My novel, The Name and the Key, is set in a fictional universe that really is an echo of our own. I wanted the setting to be plausible and realistic for the reader in order to accomplish the suspension of disbelief integral to speculative fiction. I've taken inspiration from real-life places I've loved in order to create the world of The Name and the Key.Mariner
Mariner is the main setting in the novel where the protagonist Lily Camlo lives with her family.
The Lower Quarter faded into the dark rocky cliffs on which Mariner was built, as well as the ancient stone wall that surrounded the town for centuries. It was a strange, smoky smudge of a city...until you got to Highgate, that is. The streets criss-crossed each other as you climbed further up the wall of rock, and as soon as you passed through the barbican, you ended up on the white-stoned esplanade that circled the rosy-hued homes of Mariner's upper echelons.
--From The Name and the Key
The Lower Quarter
|South Street Seaport|
Images from Wikimedia Commons (I, II)
There's a unique buzz of life that I find permeates seaports and coastal towns, and I'm sure the ocean plays a major part of it. But there's something about older buildings and great ships against the lovely background of the sea that gets me in the heart every time. I LOVE places like this.
So it's only natural that Mariner would take a good deal of influence from South Street Seaport. The larger ships are docked here (clipper ships, schooners, sloops, etc.) which has helped me visualize the kind of ships that are mentioned in the novel: the Djullanar, a two-masted schooner, Derceto, a frigate, and the Atargatis, a three-masted schooner.
The historical buildings at South Street Seaport, now filled with higher-end shops and boutiques, have shaped how I imagine the layout and construction of the shops in Mariner. In the book, the rows of shops face the ocean and piers directly, as opposed to a side street like the one shown in the photo.
The color scheme for the buildings of the lower quarter came to me from Tenby, Wales (Dinbych-y-Pysgod for all my lovely Welsh speakers out there). I proudly lived in Wales for a term at university and visited all over the country and nearby England. Tenby was one of my favorite places to visit--I think I stayed there three times at least--so the majority of my inspiration for Mariner comes from Tenby.

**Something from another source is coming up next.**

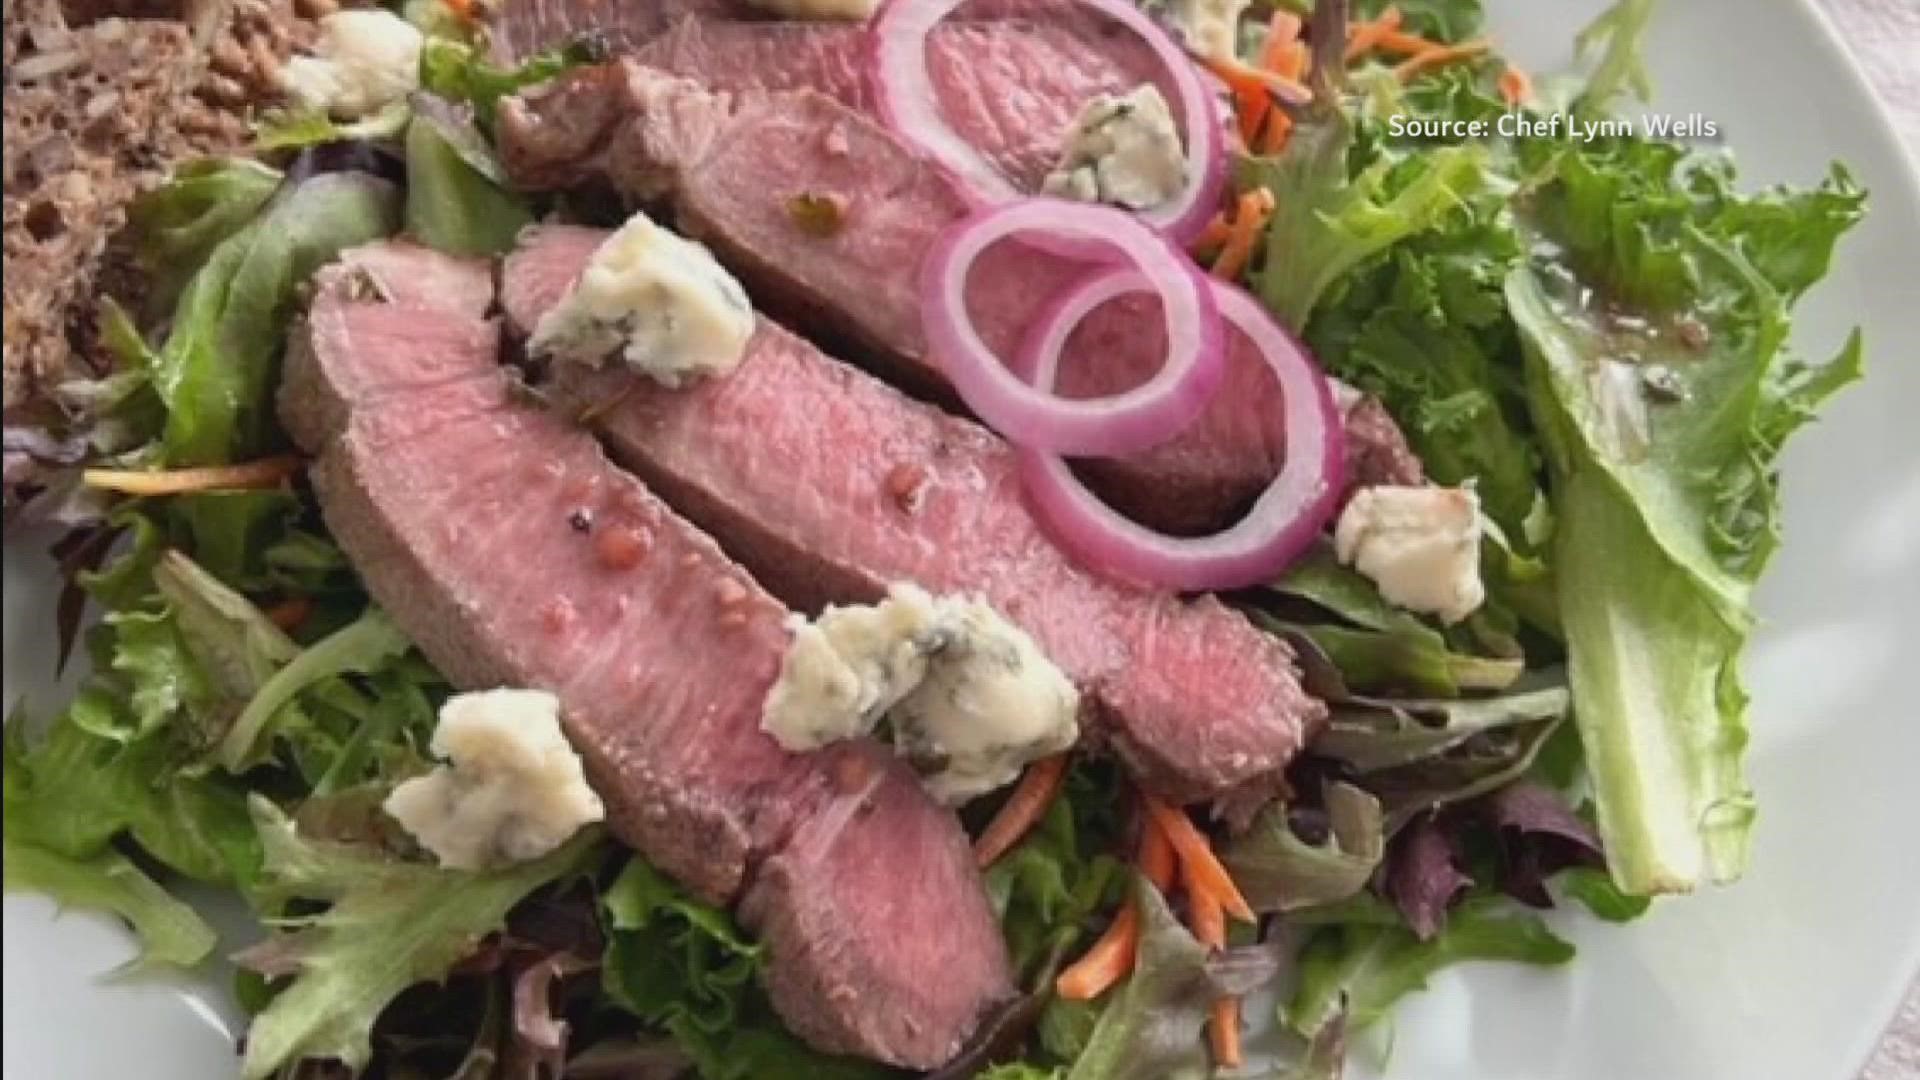 Check out these four summer salad recipes in the August issue of Our State Magazine: Summer garden salad, Corn & Tomato Salad, Steak & Blue Cheese Salad, Pea & Pasta

|Old Stables off of Julian Street, Tenby.|
(cc) by Ray Jones
The Lower Quarter color scheme is nothing but dark stone (closer to the slate houses in Blaenau Ffestiniog) and green doors and window shutters. All of the buildings of the Lower Quarter are connected like row houses and are identical to each other.
|Tudor Merchant House, Tenby|
Image (cc) Robert Edwards
My book doesn't outwardly state the time period, but it is modelled after the Regency period in England, so any historical clues I drop point to that era. Even though the Tudor Merchant House would be far too ancient dwelling for Lily and her family, in my mind only the exterior of the building resembled the Tudor Merchant House. The inside would be much newer and larger, closer to something from the first decade of the 19th century.

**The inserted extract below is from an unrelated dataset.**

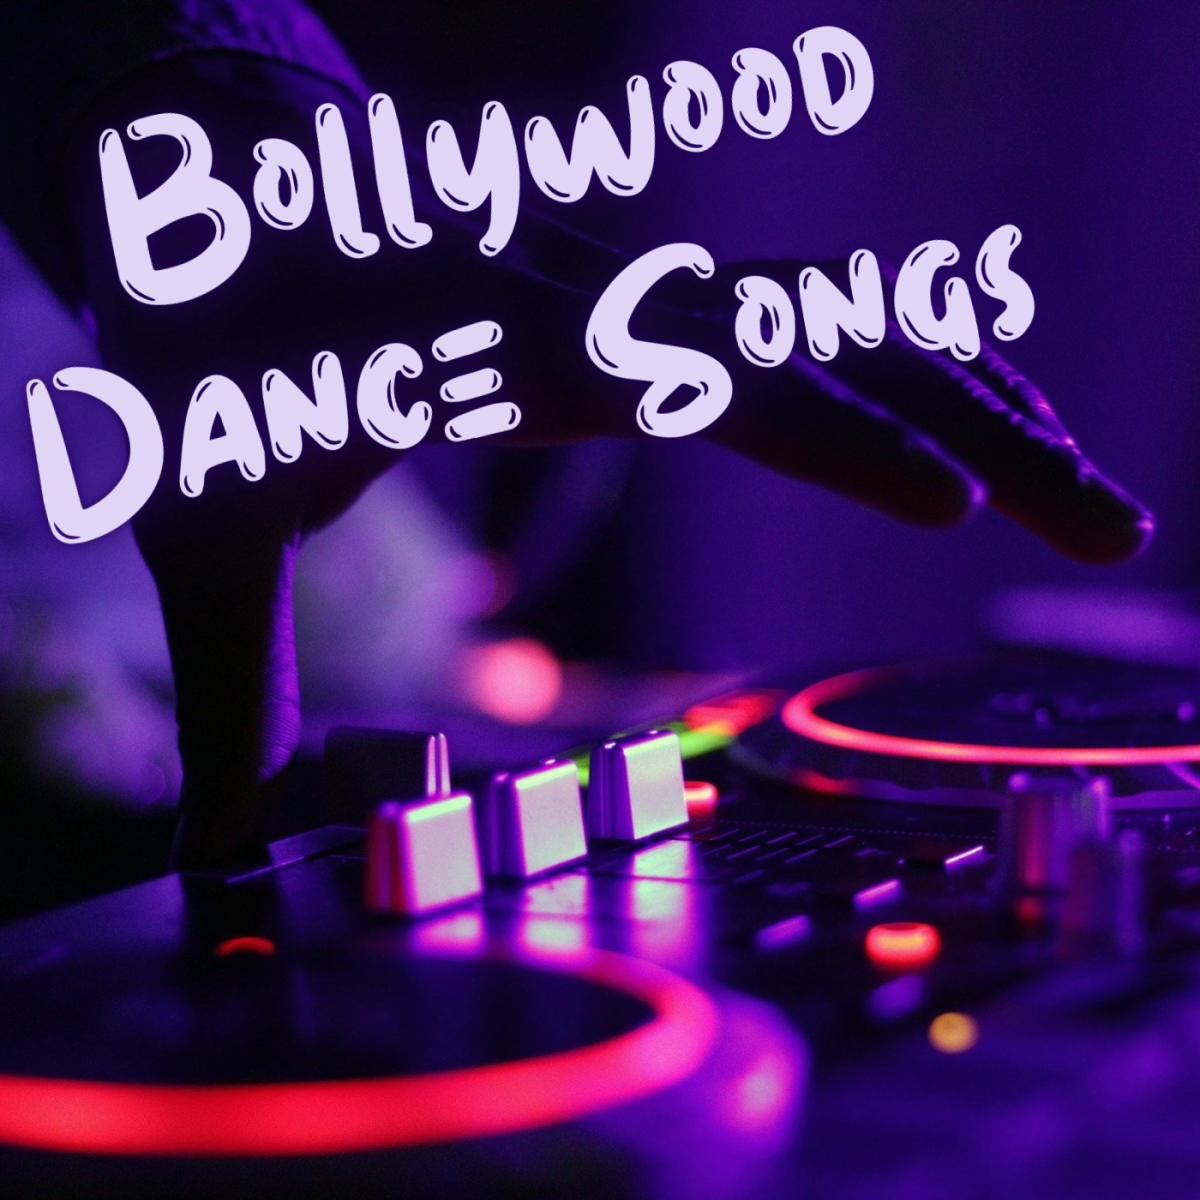 100 Best Bollywood Dance Songs For Parties

The photo of the Tudor Merchant House is more like the back end of Lily's home. The rear entrance would lead straight into the kitchen, and a set of stairs just outside of it would lead to the second floor, where Lily's father Kale and her grandmother Viollca would have rooms. Lily and her sister Laney would live on the third floor in their own rooms, and each floor would have their own bath.
|Rose & Co. Apothecary|
Image (cc) Betty Longbottom
The storefront for the Rose & Co . Apothecary is one place in this post I actually haven't been to, but it's the best example of what the Bellamy Mercantile storefront would look like. The Rose & Co. Apothecary is located in Bradford, England. Sadly, I never made it anywhere near these places when I went abroad, but thanks to the goodness of Wikimedia Commons, I was able to locate a photo that best resembles the Bellamy Mercantile I see in my head.
Tenby also serves as a major influence for Highgate, the upper half of Mariner where the rich live. References in the book to an ancient wall that surrounds the city, the barbican, and the esplanade, all come from Tenby.
|Images from Wikimedia Commons|
|The Holburne Museum, Bath|
Image (cc) by 126 Club
I stayed mostly in the historic parts of Bath, near the cathedral and the old Roman baths and the Assembly Rooms, so I didn't make it to a place like the Holburne Museum. Nonetheless, this photo is a perfect example of the Georgian architecture that comprises the fictional area of Highgate. Plus, this was the pinkest-looking building I could find (although I think when you enlarge it the color looks a bit more golden) out of all the photos of Bath I looked at.